Task item:
With the pictures left out, retype exactly the lines below starting at the line that contains "shotgun revolution-IV" and ending at the line that contains "hd hintergrundbilder paar".

++++ Stored data ++++

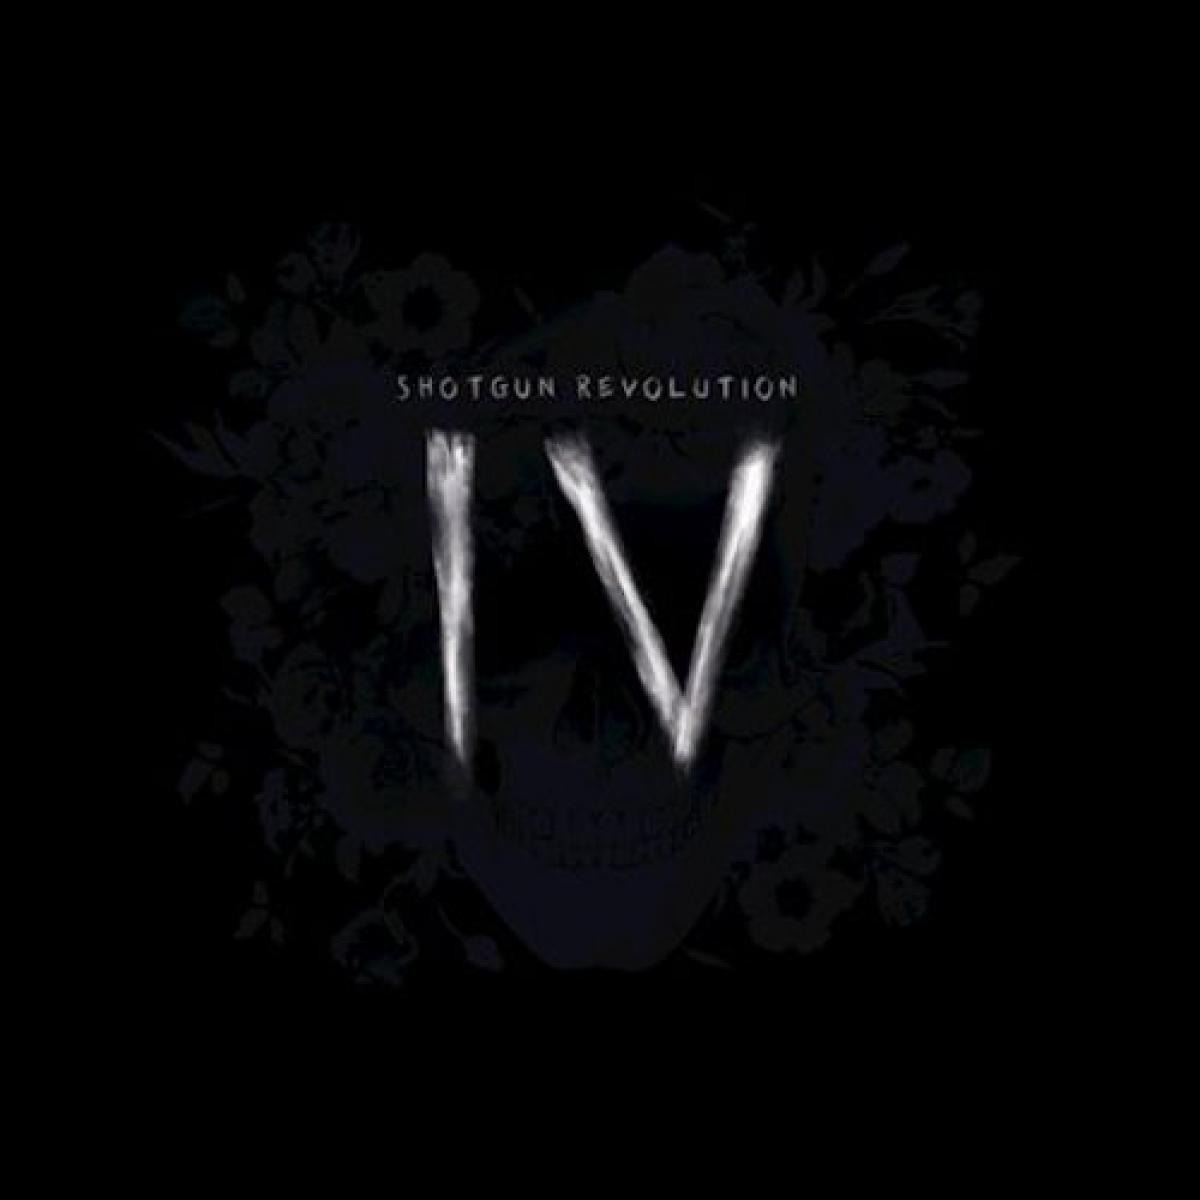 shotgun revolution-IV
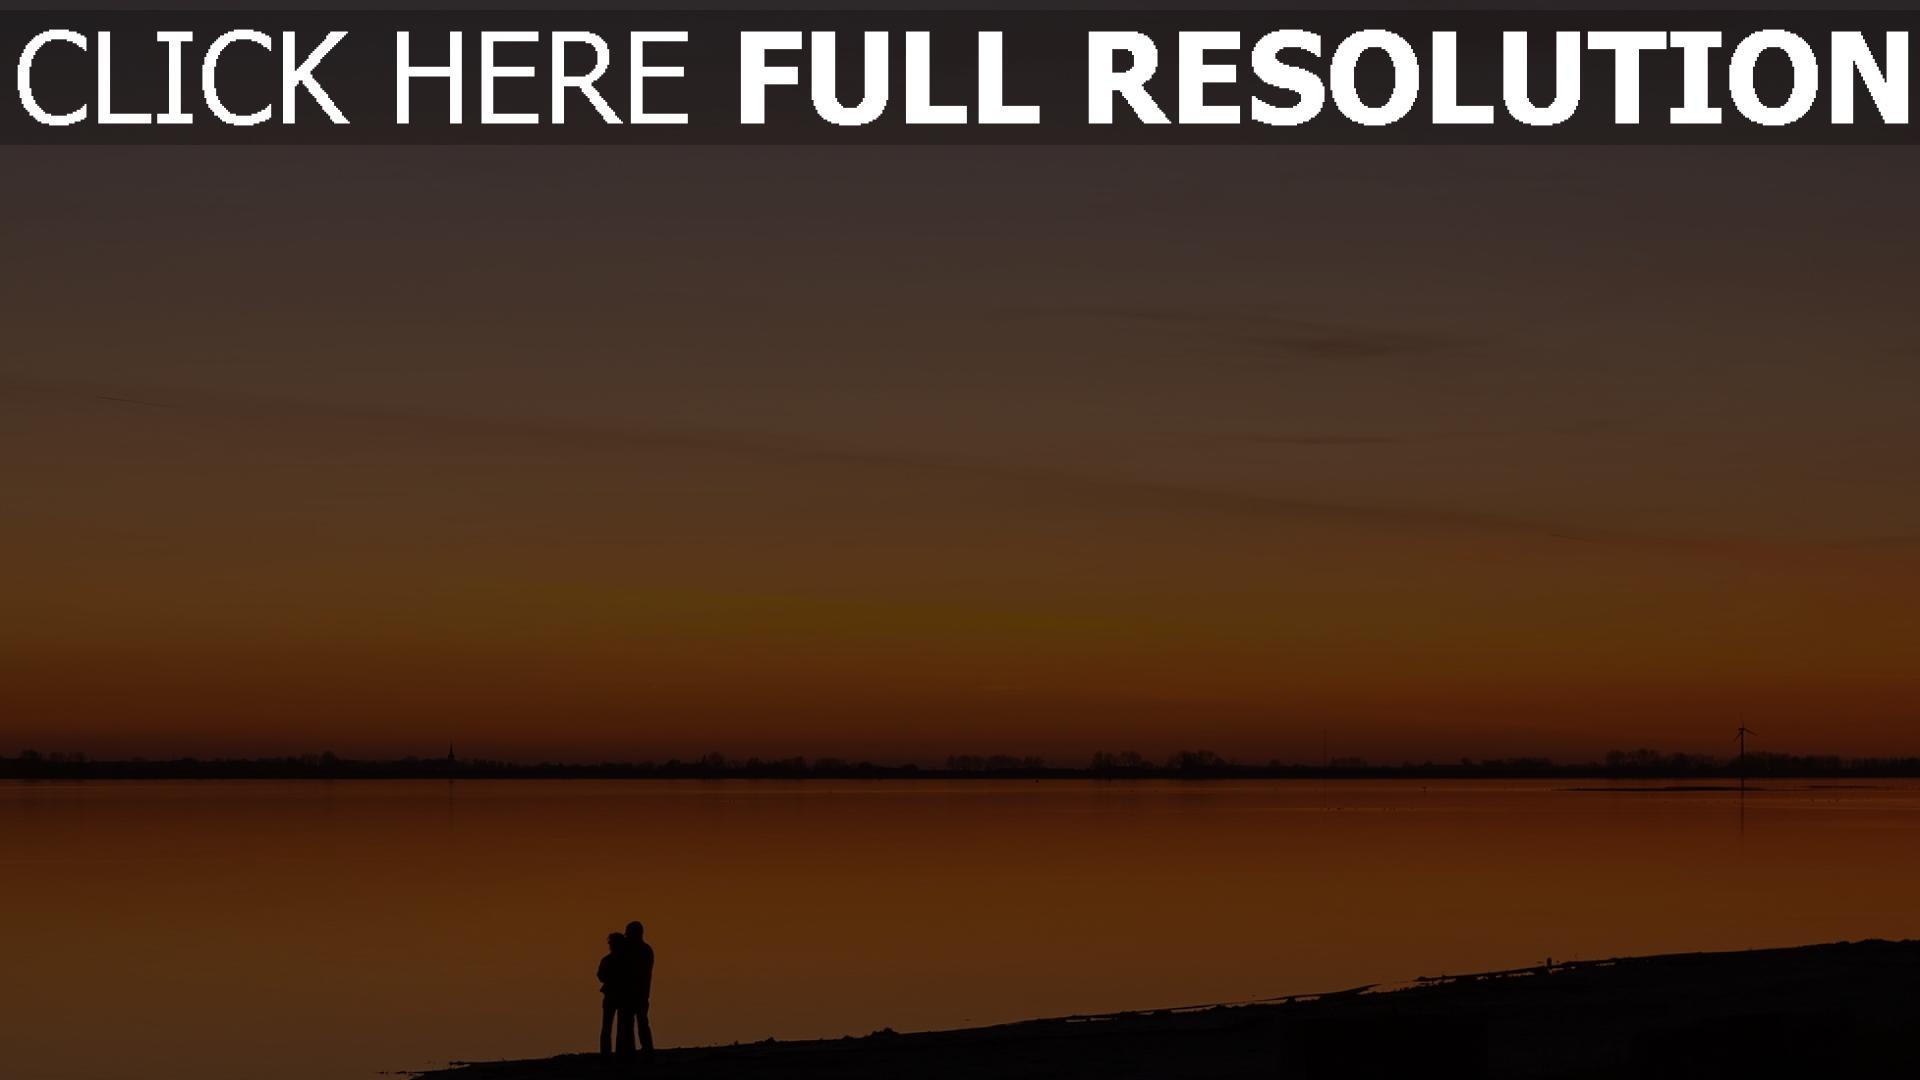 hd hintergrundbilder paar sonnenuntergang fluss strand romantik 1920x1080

++++
++++ Stored data ++++

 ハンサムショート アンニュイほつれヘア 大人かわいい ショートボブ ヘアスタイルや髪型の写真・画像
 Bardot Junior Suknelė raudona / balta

++++
++++ Stored data ++++

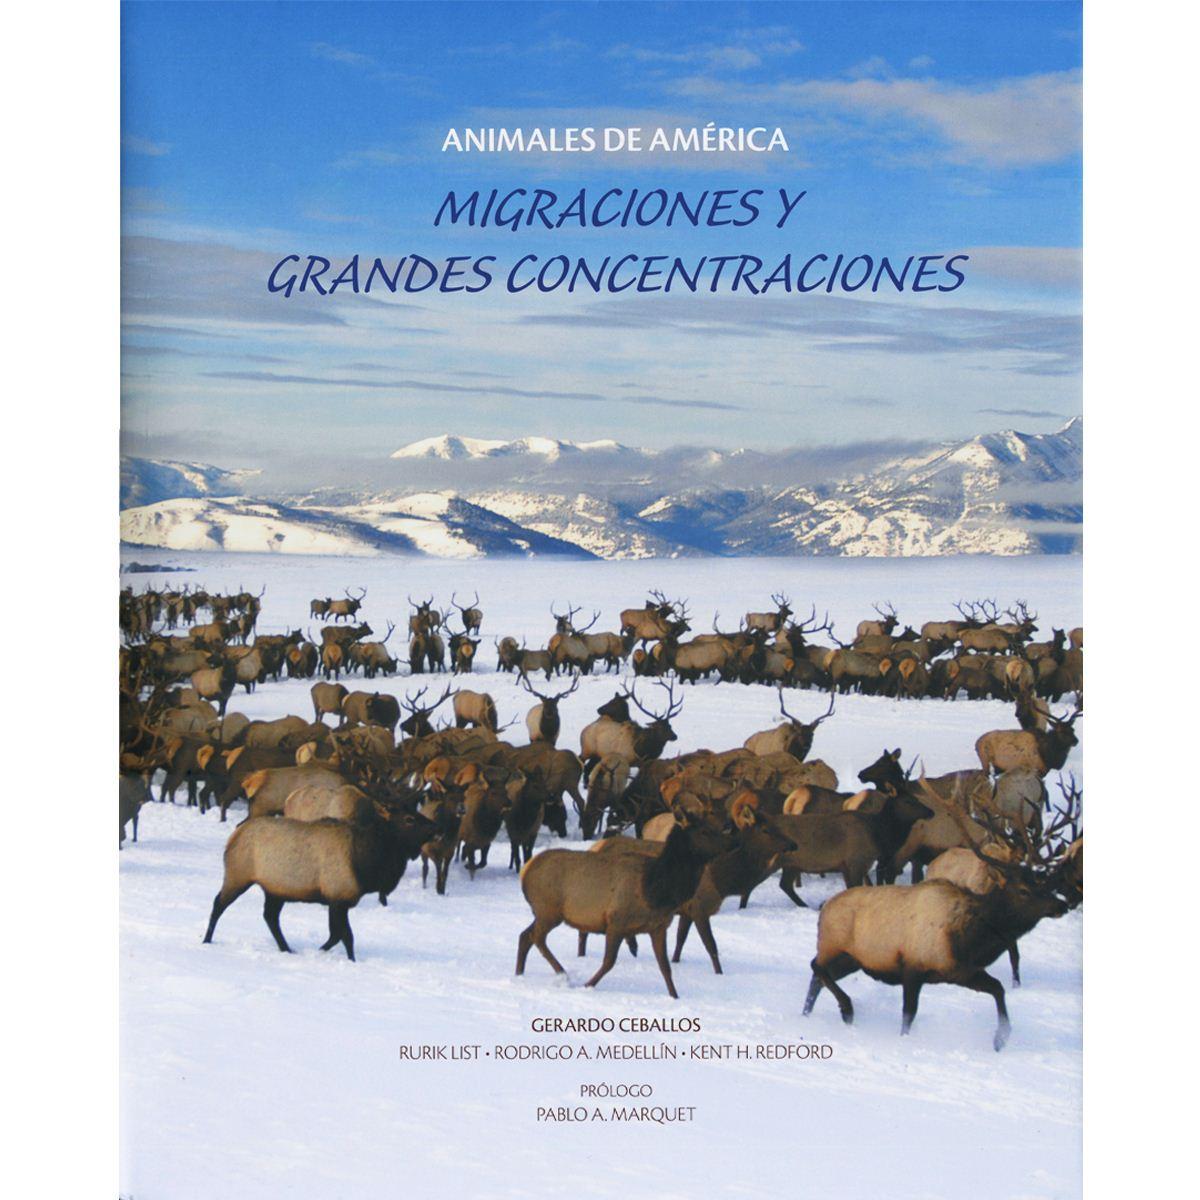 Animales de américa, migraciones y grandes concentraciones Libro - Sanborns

++++

Output below:
 shotgun revolution-IV
 hd hintergrundbilder paar sonnenuntergang fluss strand romantik 1920x1080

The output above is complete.